I have been in maintainance for many months now and I think people who watch me eat can not tell or even guess that I have had WLS.  I eat what other people eat, though sometimes with changes.  The changes are because I want to make them, not because my VSG tummy requires me to make them.  Sometimes I choose to eat my burger with no bun, or to open my burrito and eat the filling...this is no different then many other non-WLS people may choose to do, so I do not feel self-concious.  If I make my family lasagna for dinner, that is what I eat.  I do not require a special 'diet' and I do not want one.  I chose the VSG so that I could eat less, not so that I could live on a diet forever.  If I see the scale creeping back up, I will cut some carbs but so far I have found a good haealthy balance. 

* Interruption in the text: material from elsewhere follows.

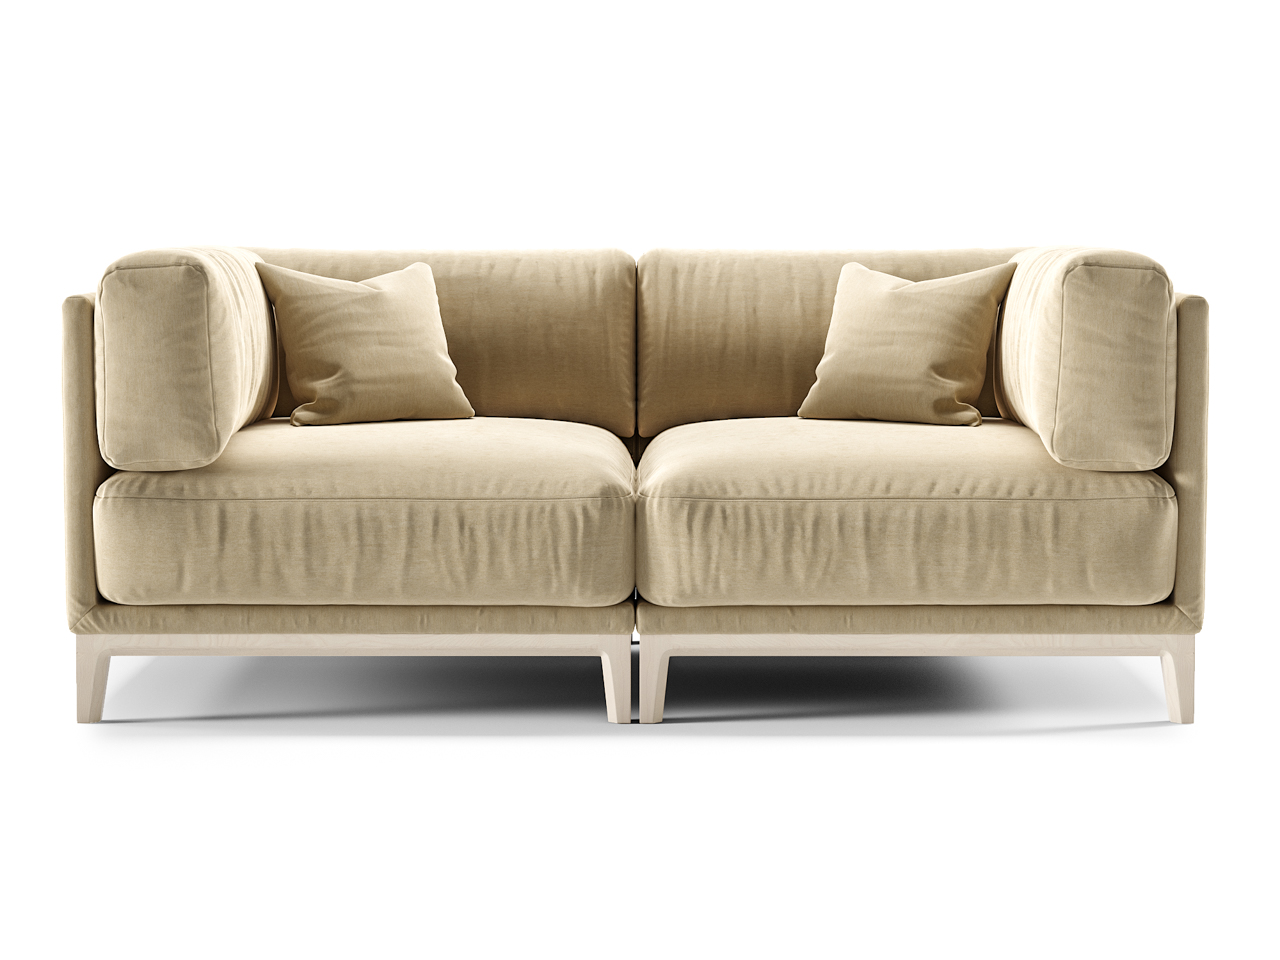 The idea диван case бежевый 108259/4

In many ways, I am lucky because my ghrelin seems to be completely gone, after 17 months, I still have no hunger. It can make things difficult also, without that natural reminder, it is sometimes easy to forget to eat and that is not good either. It takes quite a bit of nutrition to fuel an active adult body.
  

If I was giving advice on the best thing you can do for yourself…it would be to work-out. No gyms or fancy stuff required, just move! I started out walking in the hospital as soon as I woke up after surgery and I feel like I have never stopped. I transitioned onto a recumbent bike in my living room and then 7 months after my surgery, once I had already met my goal weight, I joined a gym. Going to the gym was the hardest thing I have done in years…for some reason I was psycho about it and was almost in tears as I went in to join. I am now addicted to the gym! I found that the energy I get from the other people pushes me to do more, lift more and really build more lean body mass. My body looks better then I could have ever imagined in my wildest dreams AND I am strong and fit. What good is thin without being strong and fit??  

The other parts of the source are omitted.